LAS VEGAS - The first rule of political mudslinging is to make sure you hit your target.
Someone should tell the National Republican Congressional Committee.
That's who paid for two 30-second television commercials attacking U.S. Rep. Shelley Berkley, D-Nev., for memos she wrote while working for casino boss Sheldon Adelson.
But the woman featured in black-and-white footage walking down a corridor in the ads isn't Berkley - it's Rep. Anna Eshoo, D-Calif.
''I was absolutely stunned that there was an attack ad against Shelley Berkley in her southern Nevada district, but it carried me,'' Eshoo said.
Berkley is running against GOP state Sen. Jon Porter of Henderson, who she leads by 10 points in the most recent independent poll, conducted by Mason-Dixon Polling & Research Inc. for the Las Vegas Review-Journal and lasvegas.com
Republican officials in Washington, D.C., had the bungled ads pulled quickly when the mistake was pointed out.
TV stations were asked to replace the ad with a similar one without the video footage, Republican committee spokeswoman Merit Babin said.
Babin, whose group produced the ad, said someone accidentally used the wrong footage, which she said looked a lot like Berkley.

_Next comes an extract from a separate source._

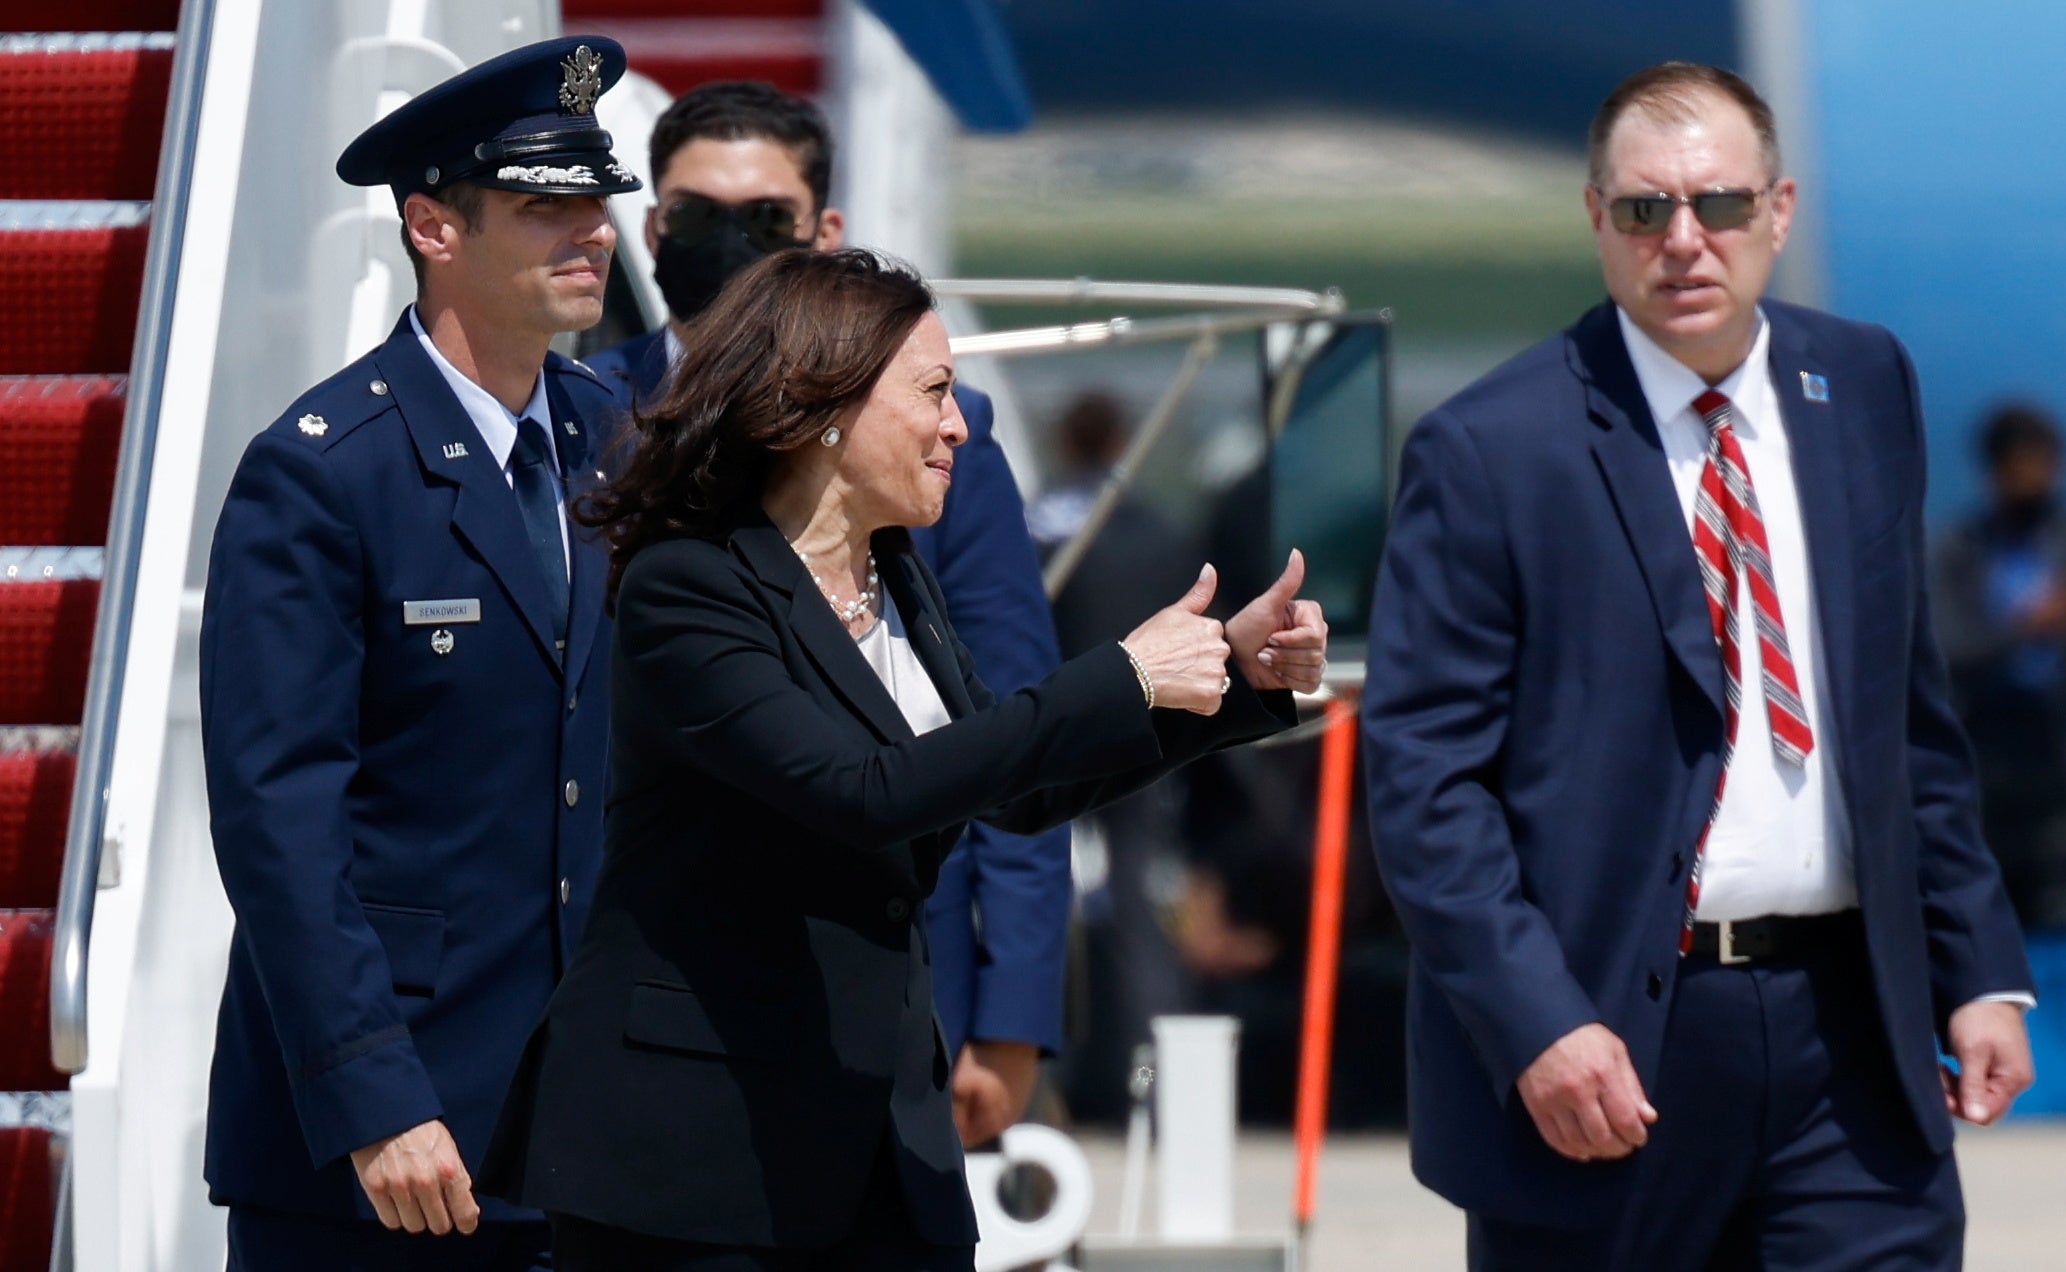 Kamala Harris gives a thumbs-up after her plane was forced to land shortly after take-off

''Over $1.5 million from groups outside of Nevada has poured into this state over the past month to try to defeat me,'' Berkley said. ''The NRCC ad is an example of one of the groups levying negative personal attacks against me and they don't even know who I am. If they don't know who I am how could they possibly know the issues important to the voters of Southern Nevada.''
Eshoo said she has written a letter to the Republican committee demanding an apology.

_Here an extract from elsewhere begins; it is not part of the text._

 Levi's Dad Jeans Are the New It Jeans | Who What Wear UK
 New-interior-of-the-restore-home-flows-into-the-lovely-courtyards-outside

The Republican committee - which serves as a campaign and fund-raising arm of House Republicans - has spent more than $400,000 in southern Nevada to run ads highlighting memos that Berkley wrote urging Adelson to make political contributions to judges in return for favorable treatment.
Porter's campaign manager Josh Griffin said his campaign had nothing to do with the ad.
By law, congressional candidates are not allowed to coordinate with outside groups that produce so-called ''issue ads'' designed to influence elections without specifically asking voters to support a candidate.